------ Data segment ------

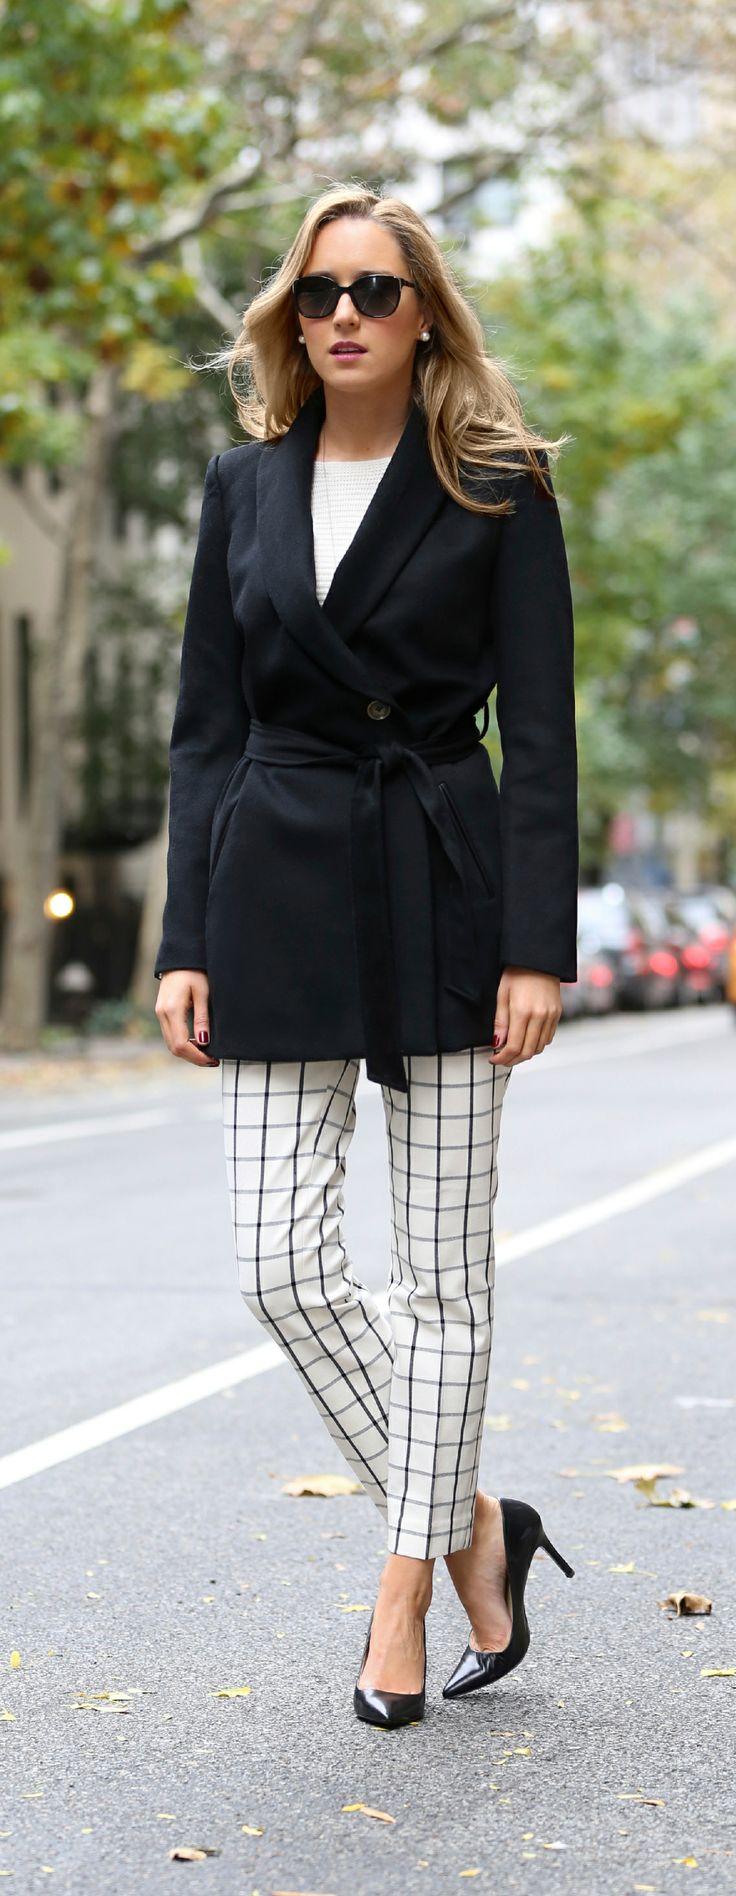 The Classy Cubicle: Ivory {windowpane cropped pants, banana republic, ann taylor, tart collections, ralph lauren, gorjana, work wear, office fashion}
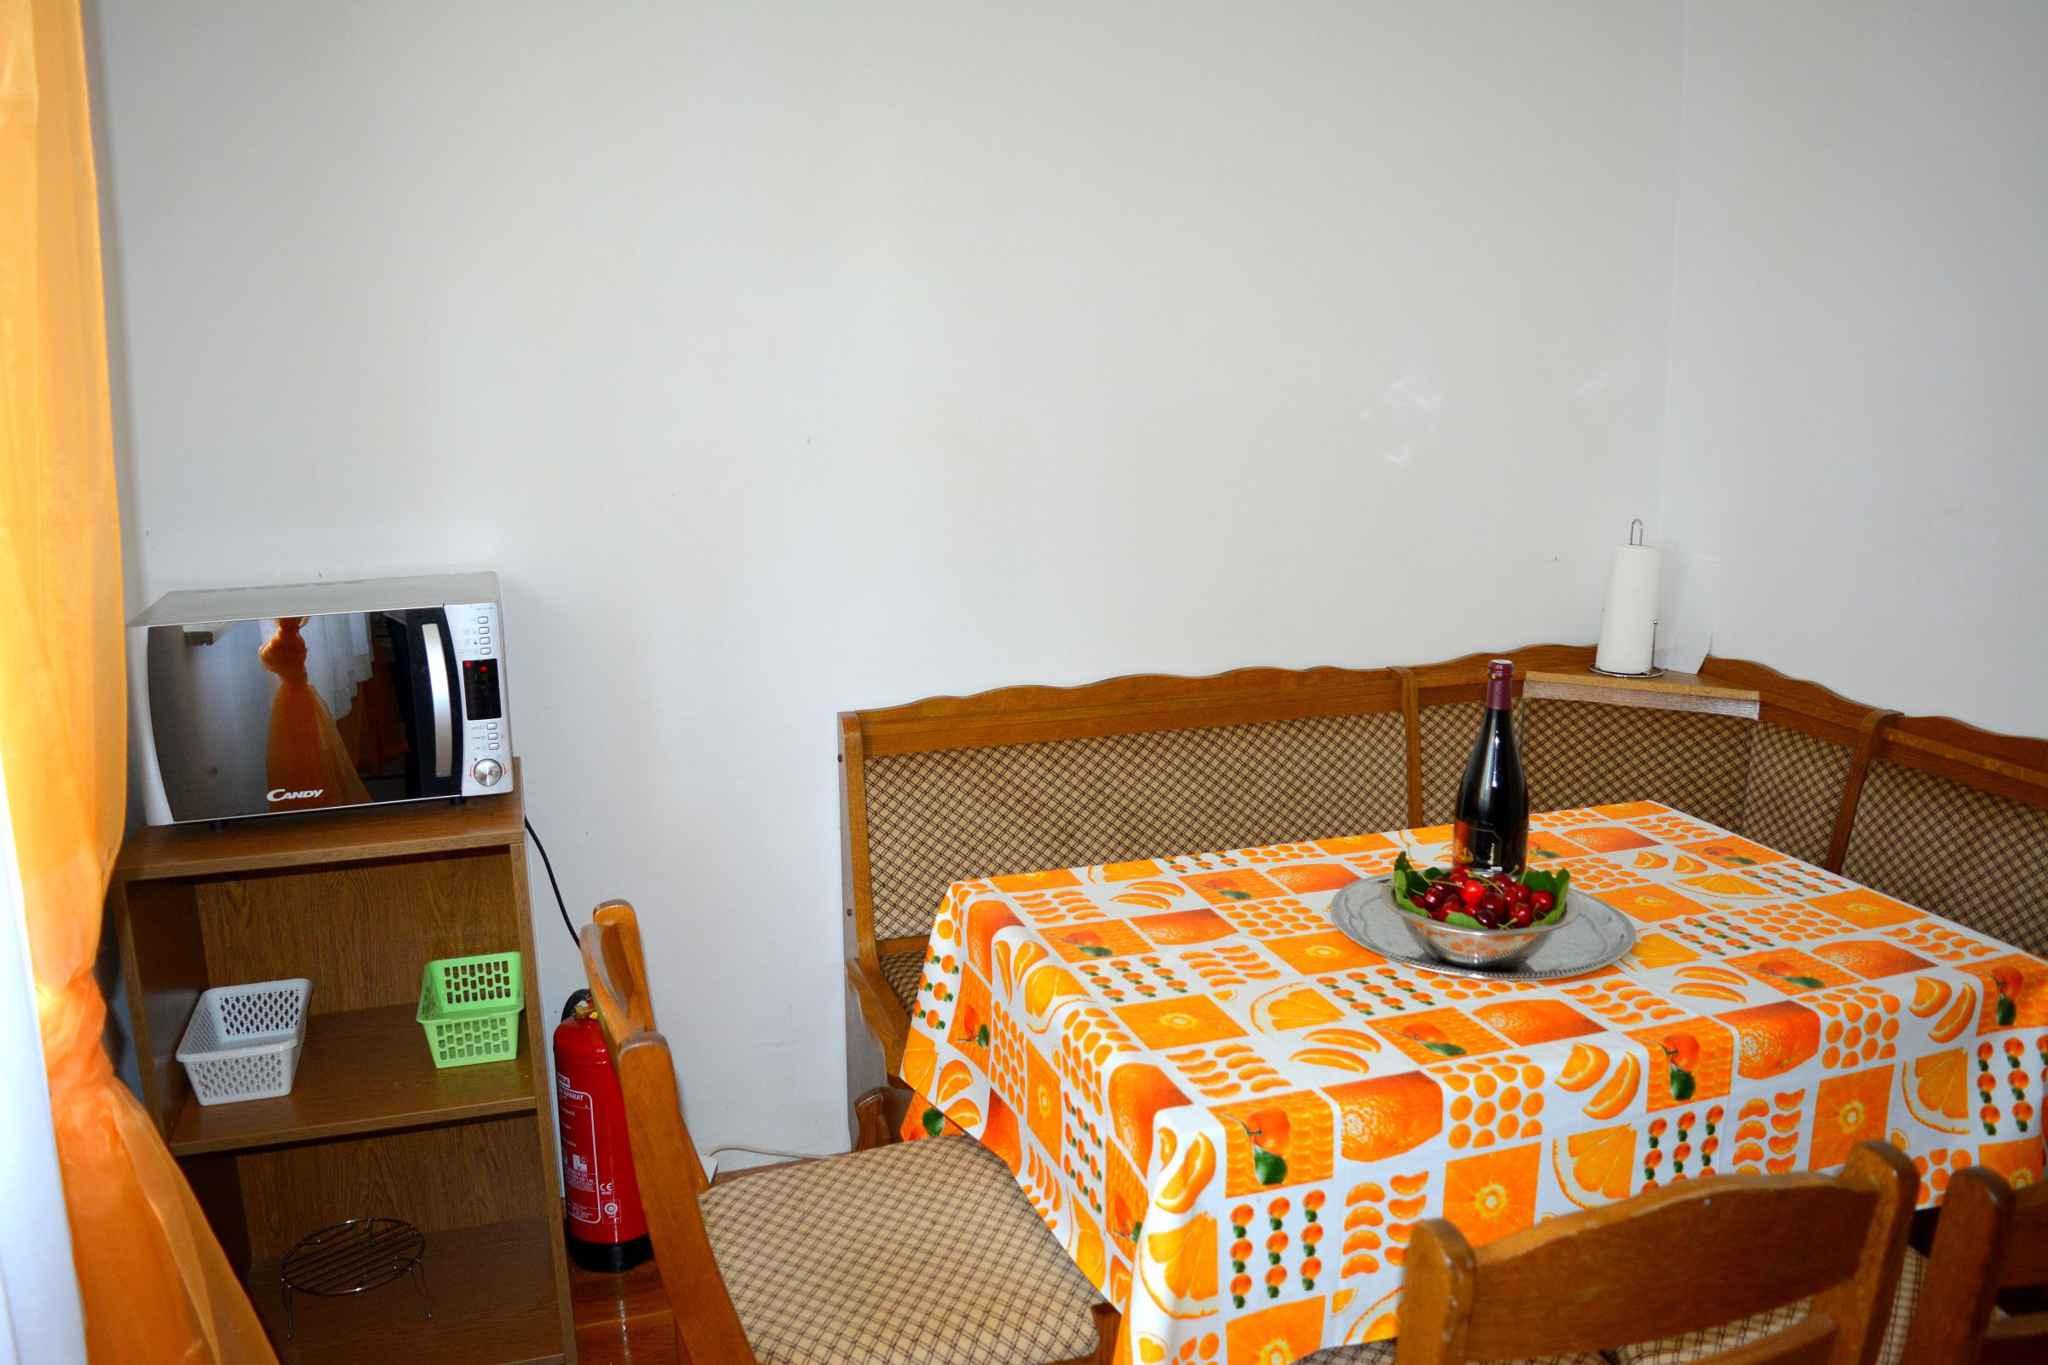 Appartement de vacances mit Terrasse (278776), Vodice, , Dalmatie, Croatie, image 12
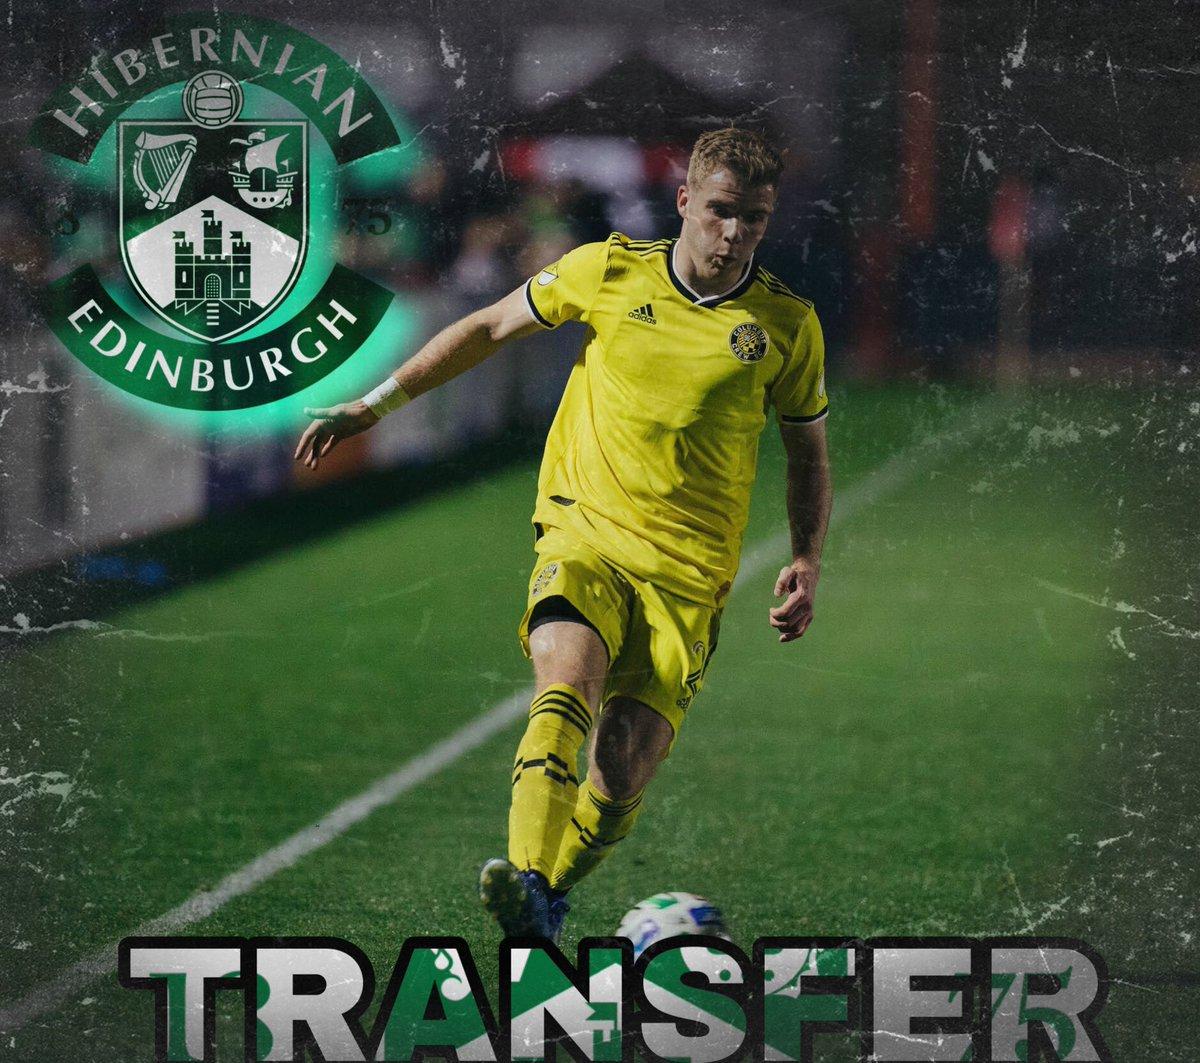 Columbus Crew midfielder Chris Cadden has officially transferred to Hibernian FC in the Scottish Premiership. #Crew96 #HibernianFC
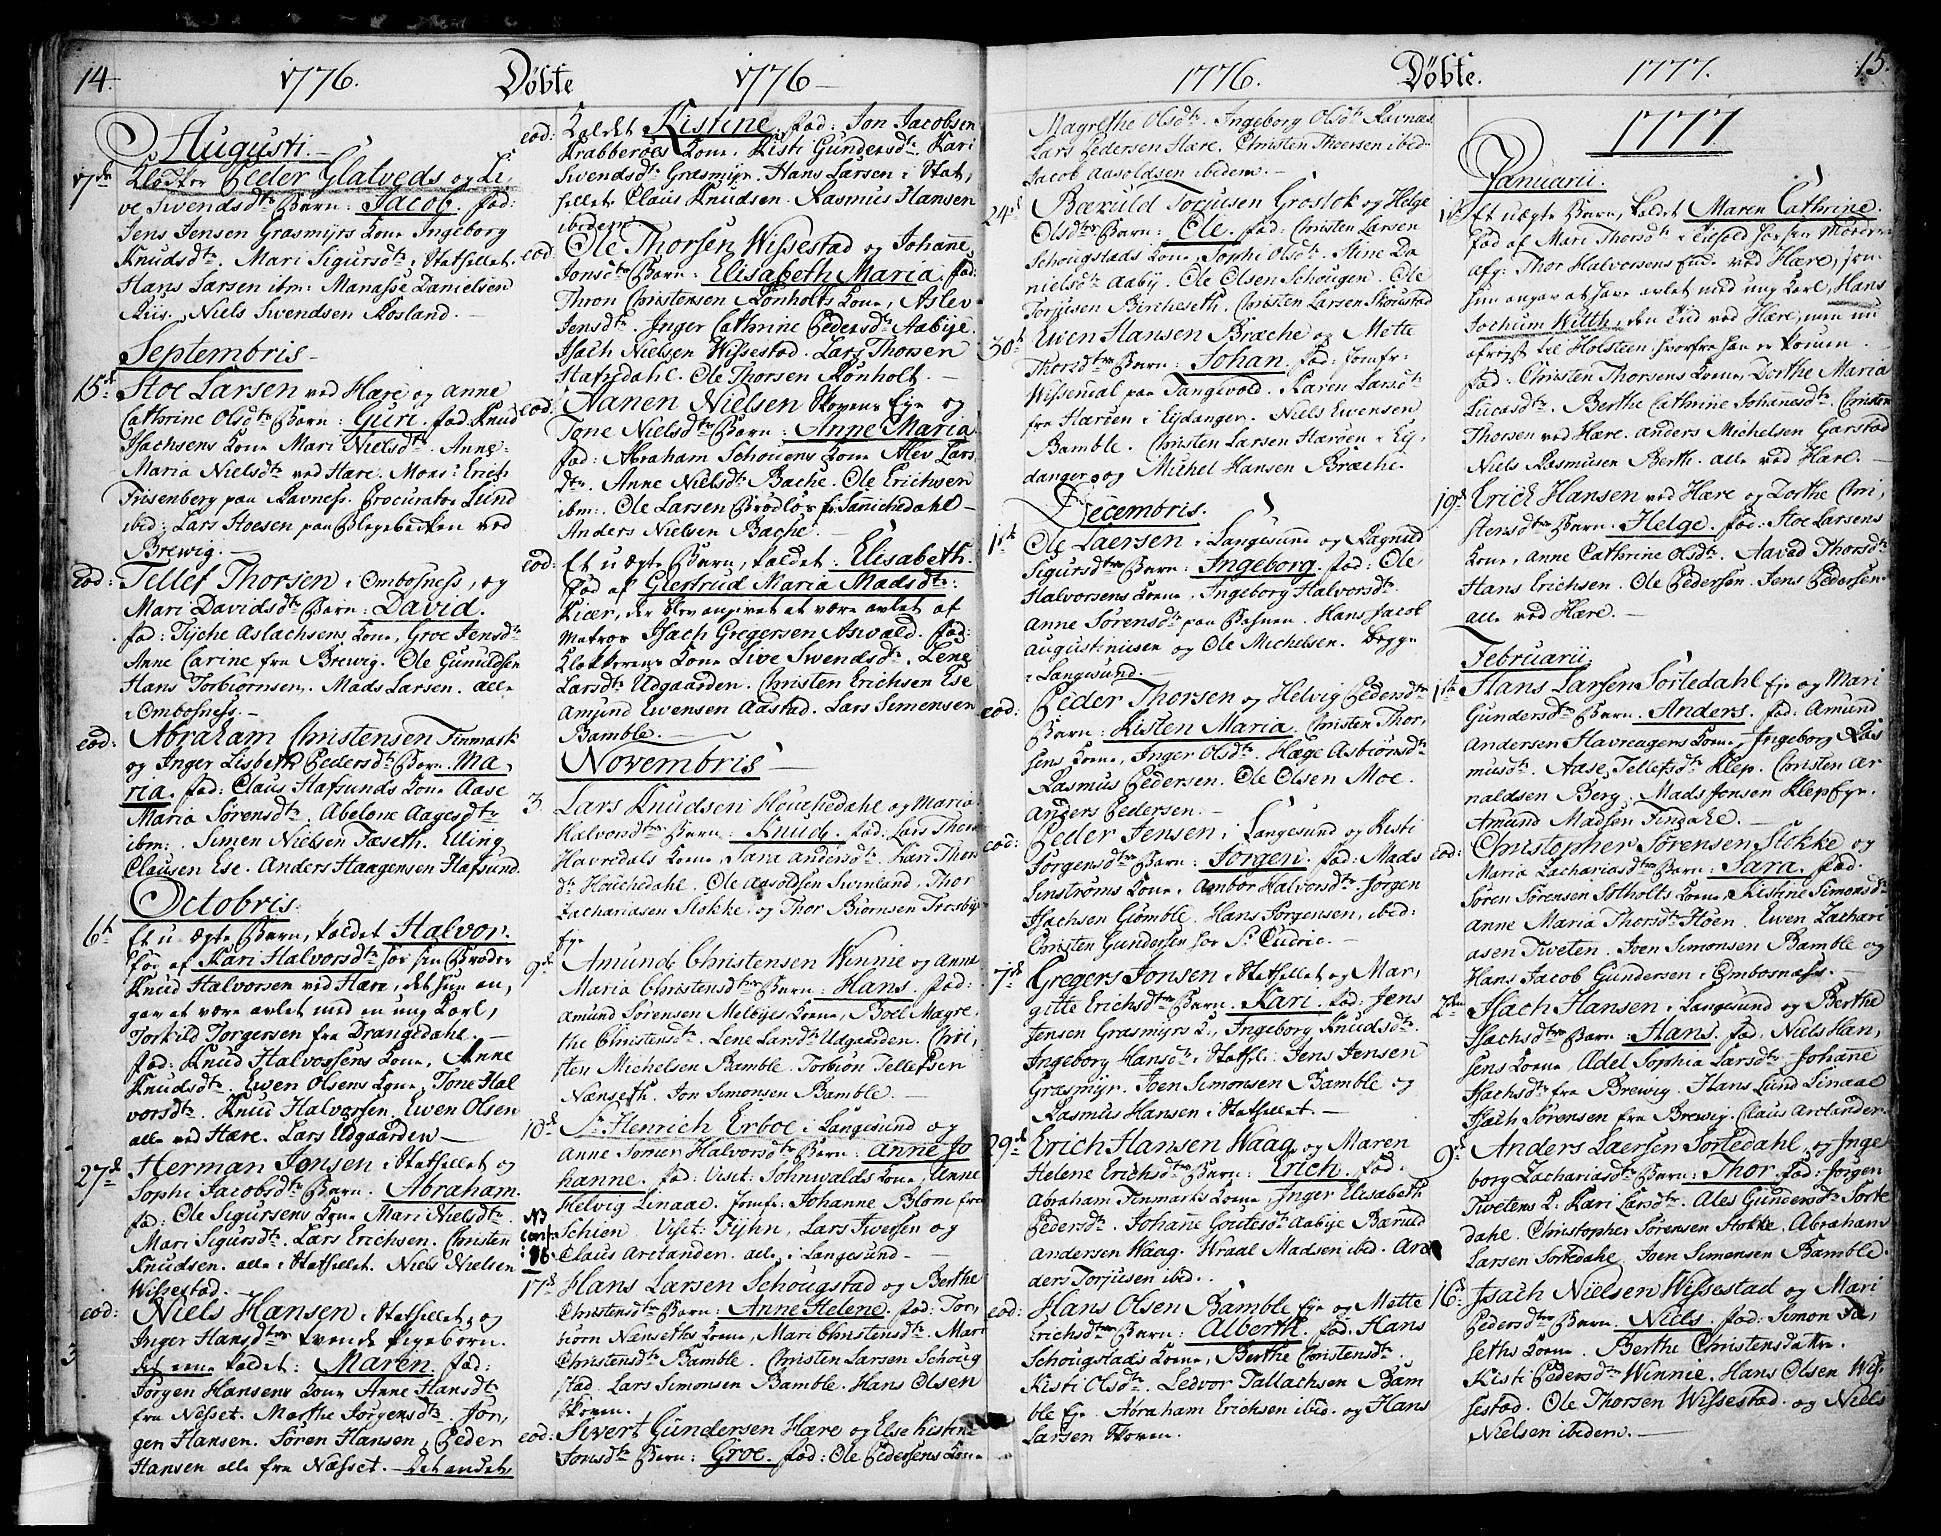 SAKO, Bamble kirkebøker, F/Fa/L0002: Ministerialbok nr. I 2, 1775-1814, s. 14-15

------

• [Task objective] Every line of the data above is to be set down word for word, with the pictures left out.

• [Reply to the exercise]
 The Classy Cubicle: Ivory {windowpane cropped pants, banana republic, ann taylor, tart collections, ralph lauren, gorjana, work wear, office fashion}
 Appartement de vacances mit Terrasse (278776), Vodice, , Dalmatie, Croatie, image 12
 Columbus Crew midfielder Chris Cadden has officially transferred to Hibernian FC in the Scottish Premiership. #Crew96 #HibernianFC
 SAKO, Bamble kirkebøker, F/Fa/L0002: Ministerialbok nr. I 2, 1775-1814, s. 14-15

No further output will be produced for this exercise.